YOUR GOAL » Leave out any pictures and transcribe all other data below exactly.

DATA BELOW »
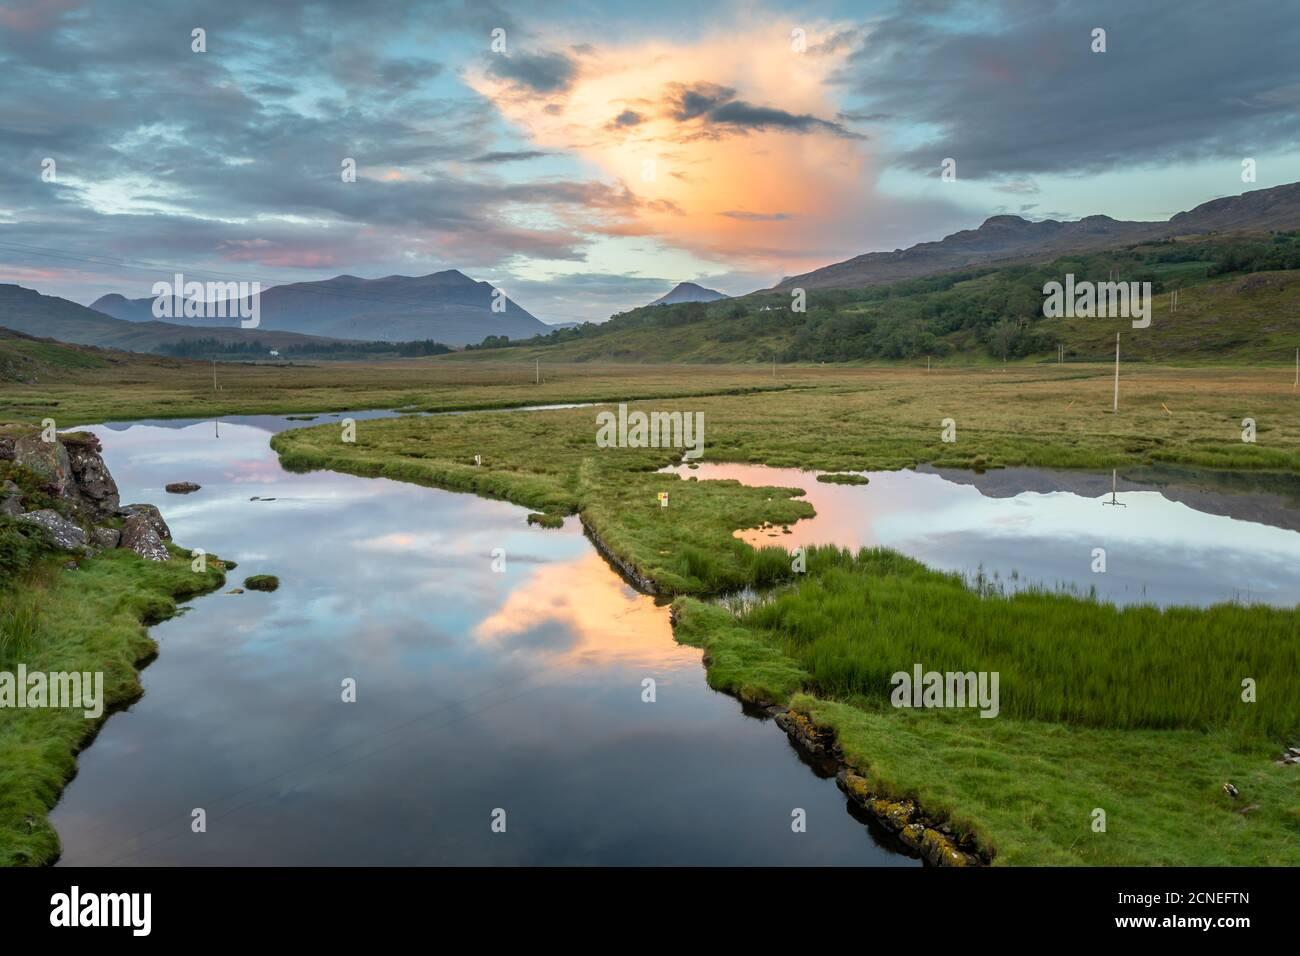 Puesta de sol sobre el lago Kishorn y el río Kishorn, Escocia Foto de stock
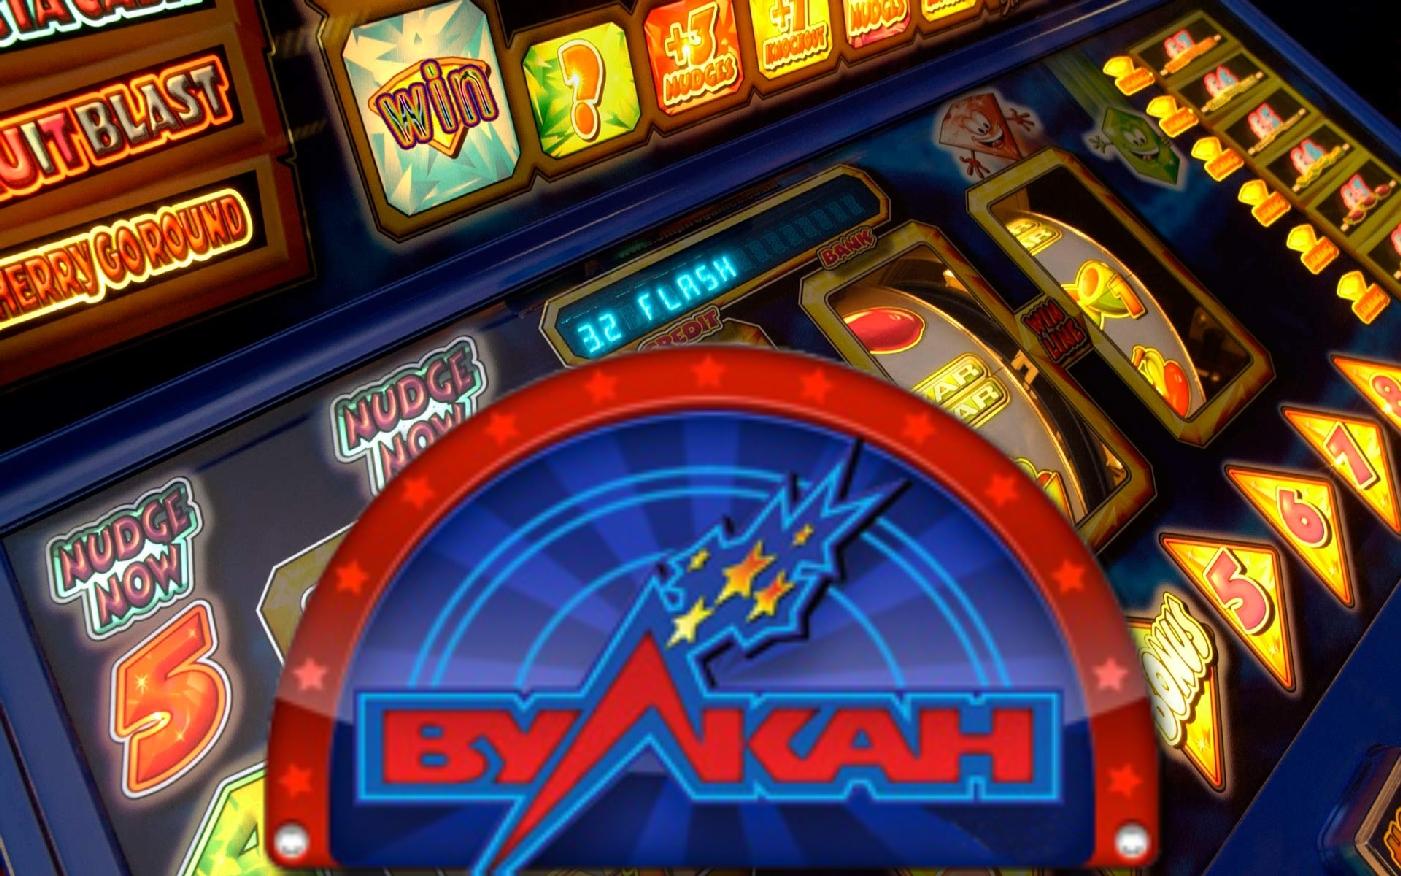 Слоты казино играть бесплатно видео казино онлайн играть бесплатно
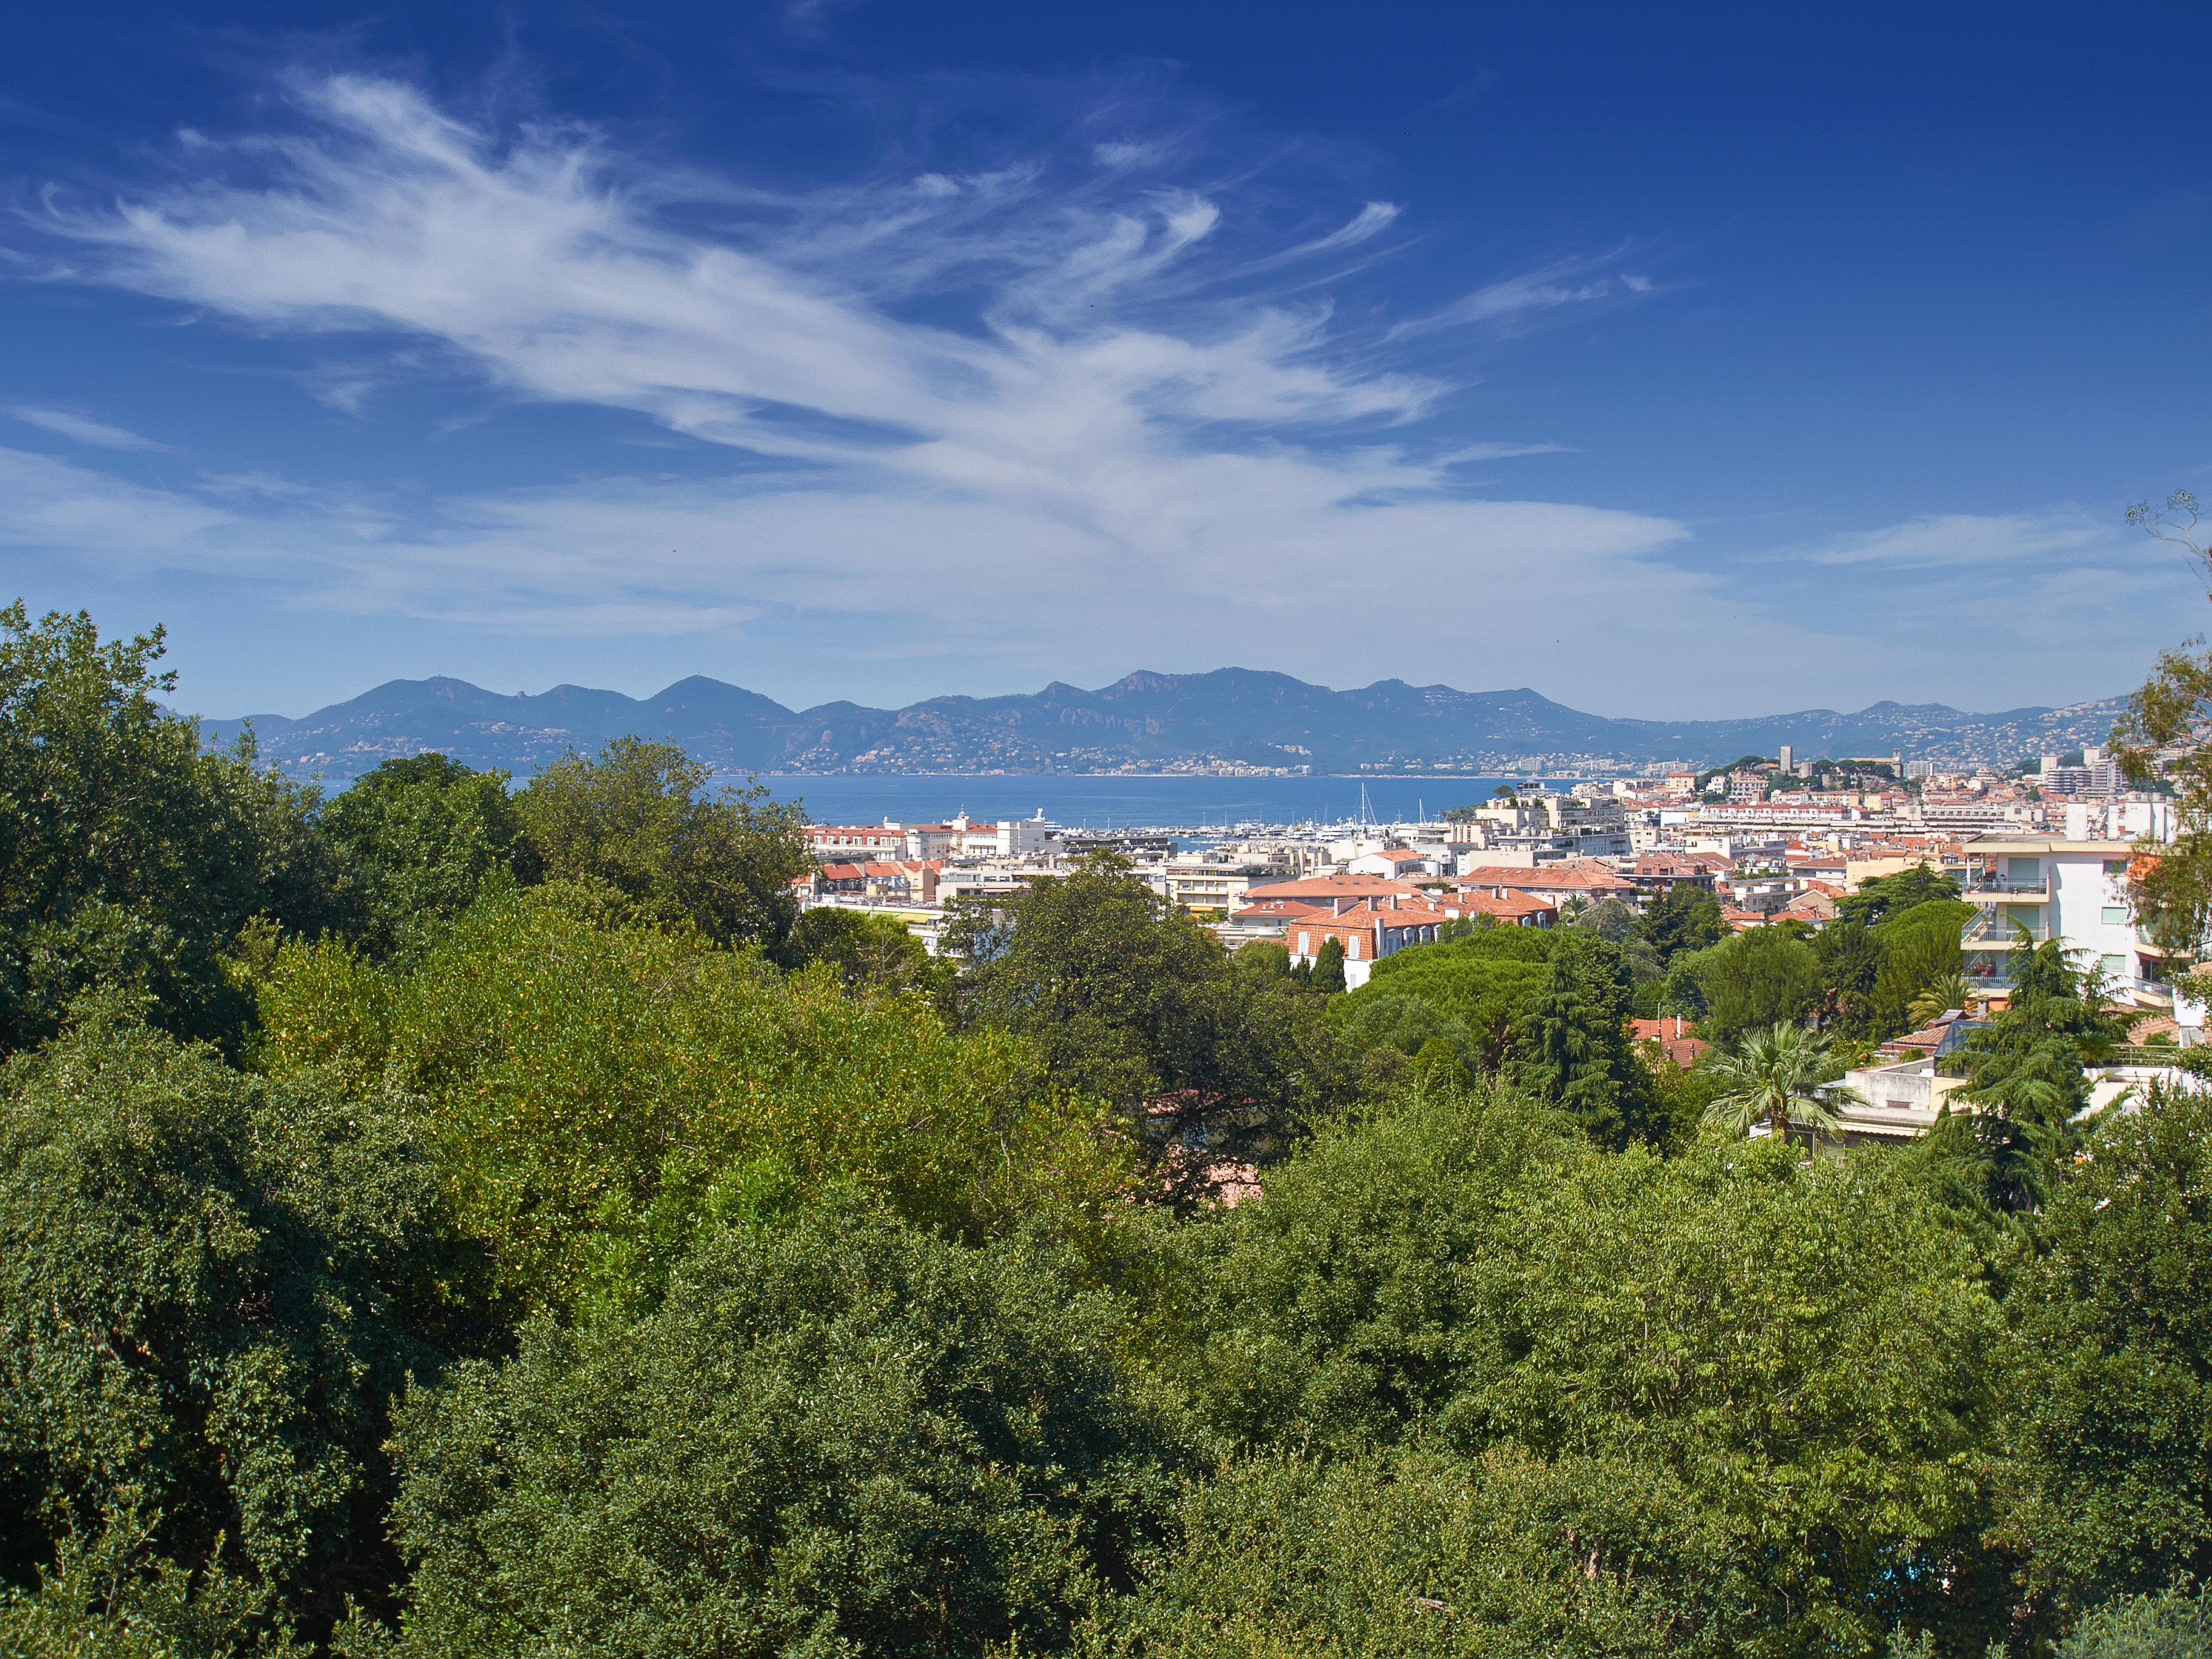 Apartamento para Venda às Panoramic sea views for this 4 roomed apartment in the 'Californie' Cannes Cannes, Provença-Alpes-Costa Azul 06400 França

RESULT BELOW »
 Puesta de sol sobre el lago Kishorn y el río Kishorn, Escocia Foto de stock
 Слоты казино играть бесплатно видео казино онлайн играть бесплатно
 Apartamento para Venda às Panoramic sea views for this 4 roomed apartment in the 'Californie' Cannes Cannes, Provença-Alpes-Costa Azul 06400 França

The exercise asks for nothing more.